Re: [PATCH] x86: Define _mm*_undefined_*
- From: Richard Biener <richard dot guenther at gmail dot com>
- To: Ulrich Drepper <drepper at gmail dot com>
- Cc: Ilya Tocar <tocarip dot intel at gmail dot com>, GCC Patches <gcc-patches at gcc dot gnu dot org>
- Date: Tue, 18 Mar 2014 16:09:09 +0100
- Subject: Re: [PATCH] x86: Define _mm*_undefined_*
- Authentication-results: sourceware.org; auth=none
- References: <87bnx6z9at dot fsf at x240 dot local dot i-did-not-set--mail-host-address--so-tickle-me> <20140317113921 dot GA71172 at msticlxl7 dot ims dot intel dot com> <CAOPLpQebBsPYU_eRLmkVtFJixGg8Kx33sMyZg9n_X8MKJNfV_A at mail dot gmail dot com> <20140318093428 dot GB71172 at msticlxl7 dot ims dot intel dot com> <CAFiYyc1NTh-CV8f1e=9xJBhDx3esZEBtPHWHRiJnAyUWzzhS0Q at mail dot gmail dot com> <CAOPLpQc+Zc=A483teheyXLV2y7O=OEGHwwQCUb4nwwT9Dt2f=g at mail dot gmail dot com>
On Tue, Mar 18, 2014 at 4:03 PM, Ulrich Drepper <drepper@gmail.com> wrote:
> On Tue, Mar 18, 2014 at 7:13 AM, Richard Biener
> <richard.guenther@gmail.com> wrote:
>> extern __inline __m512
>> __attribute__ ((__gnu_inline__, __always_inline__, __artificial__))
>> _mm512_undefined_ps (void)
>> {
>> __m512 __Y = __Y;
>> return __Y;
>> }
>
>
> This provokes no warnings (as you wrote) and it doesn't clobber flags,
> but it doesn't avoid loading. The code below creates a pxor for the
> parameter. That's what I think compiler support should help to get
> rid of. If the compiler has some magic to recognize -1 masks then
> this will help in some situations but it seems to be a specific
> implementation for the intrinsics while I've been looking at generic
> solution.
>
>
> typedef double __m128d __attribute__ ((__vector_size__ (16), __may_alias__));
>
> void g(__m128d);
>
> extern __inline __m128d
> __attribute__((__gnu_inline__, __always_inline__, __artificial__, const))

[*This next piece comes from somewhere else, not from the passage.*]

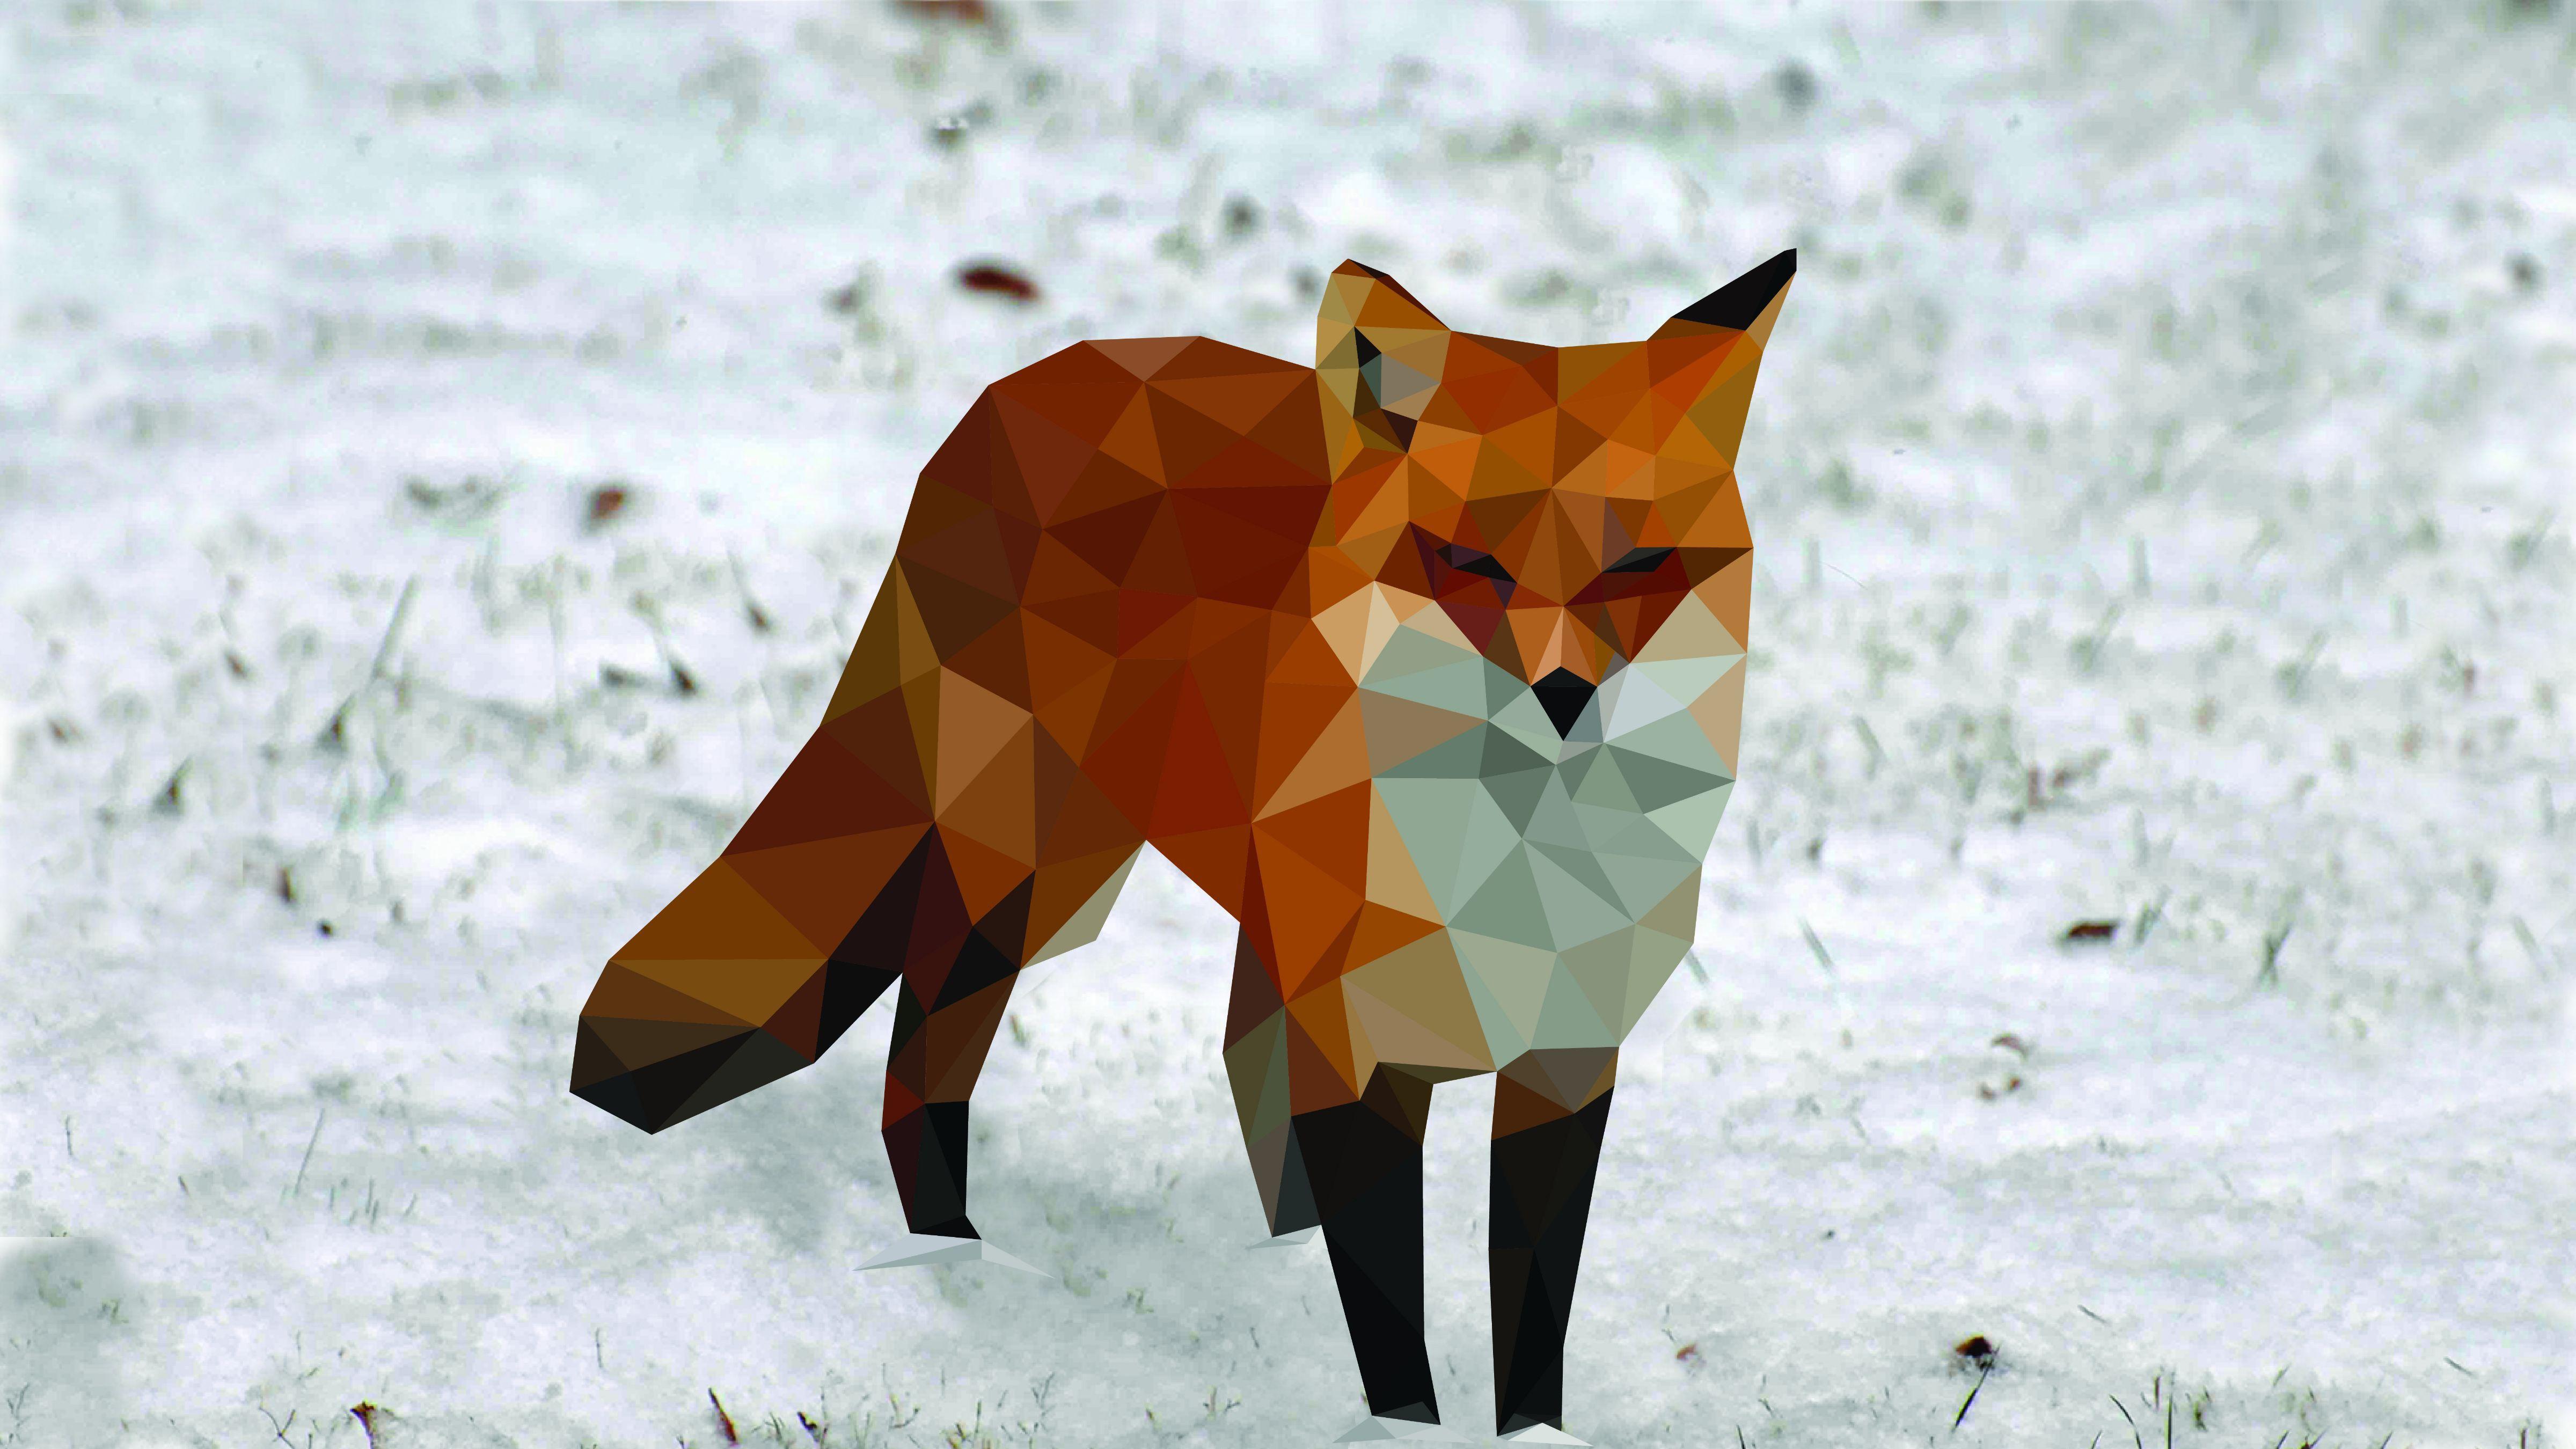 Polygon Fox Wallpapers

> _mm_undefined_pd(void) {
> __m128d v = v;
> return v;
> }
>
> void
> f()
> {
> g(_mm_undefined_pd());
> }
The load from zero is caused by the init-regs pass. To quote:
/* Check all of the uses of pseudo variables. If any use that is MUST
uninitialized, add a store of 0 immediately before it. For
subregs, this makes combine happy. For full word regs, this makes
other optimizations, like the register allocator and the reg-stack
happy as well as papers over some problems on the arm and other
processors where certain isa constraints cannot be handled by gcc.

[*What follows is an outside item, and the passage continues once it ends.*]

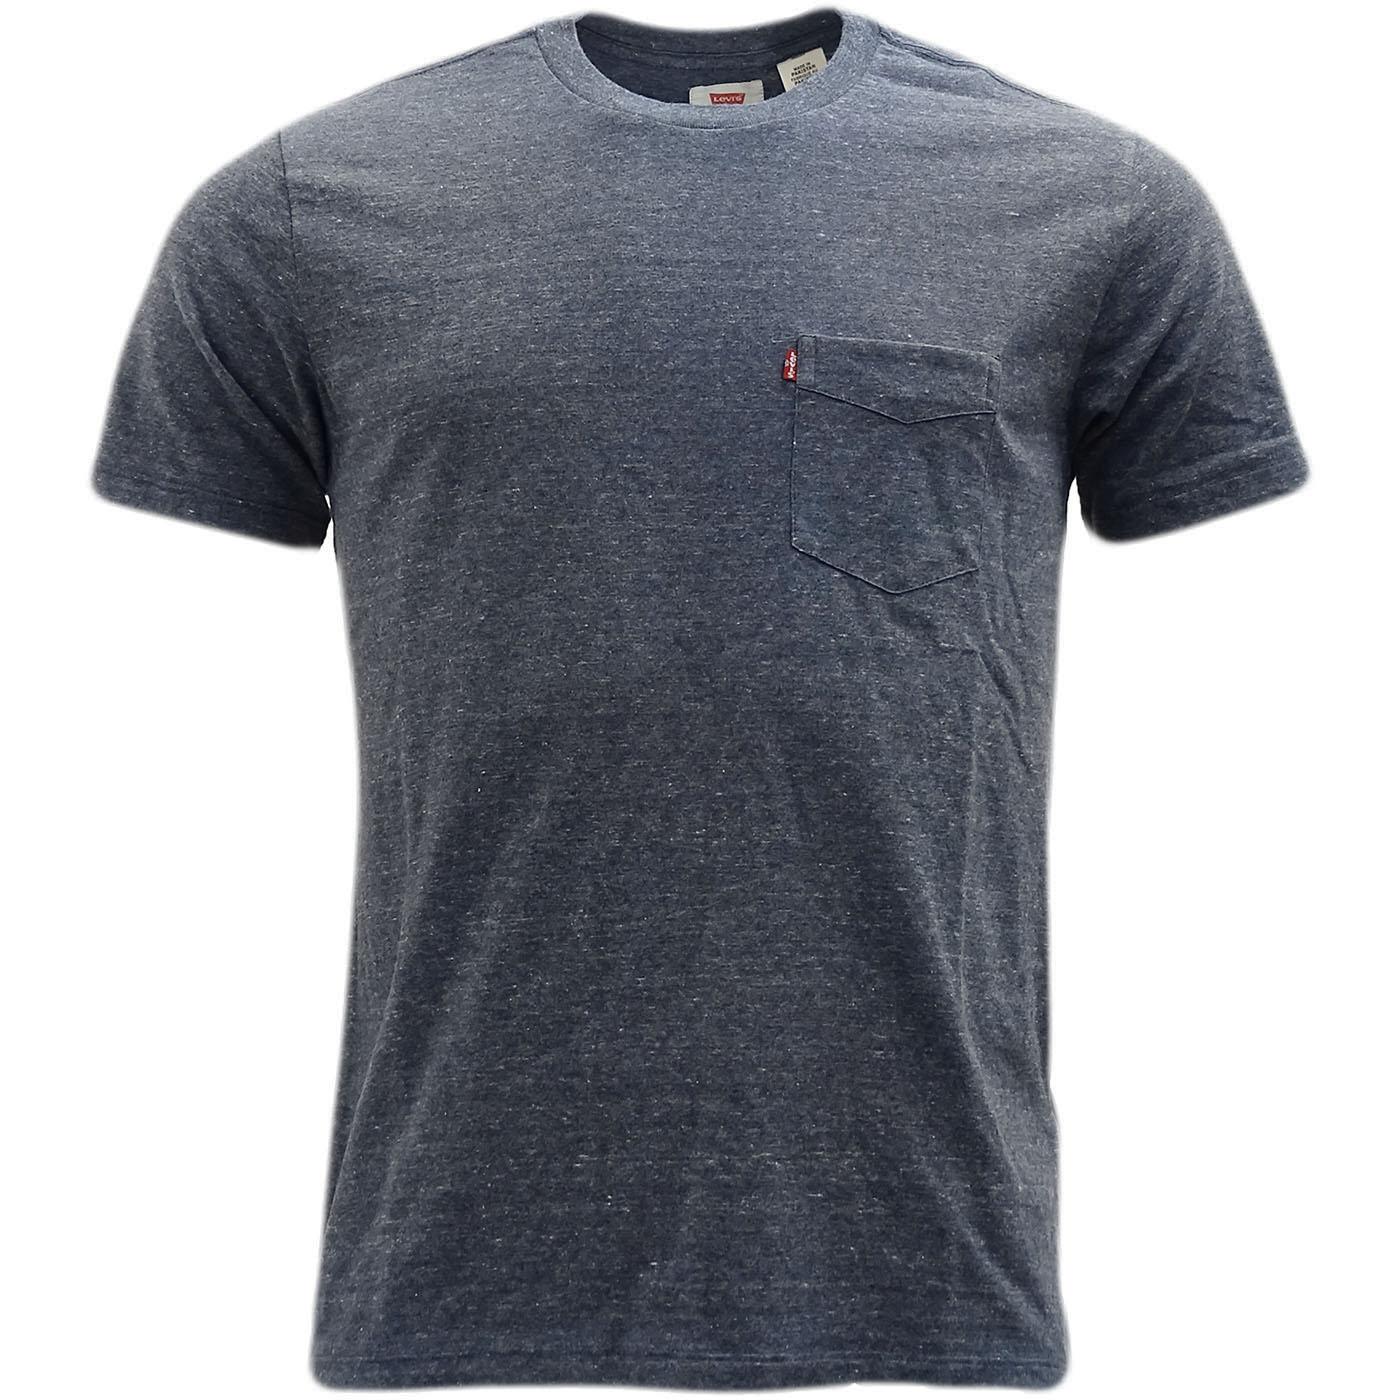 53b034c89cfd Levi Strauss Plain Sunset Pocket Tee   Levi S T-Shirt - 29813

These are of the form where two operands to an insn my not be the
same. The ra will only make them the same if they do not
interfere, and this can only happen if one is not initialized.
There is also the unfortunate consequence that this may mask some
buggy programs where people forget to initialize stack variable.
Any programmer with half a brain would look at the uninitialized
variable warnings. */
You can disable it with -fdisable-rtl-init-regs. Not sure if the above
comment today is just overly cautious ... maybe we should have a
target hook that controls its execution.
Richard.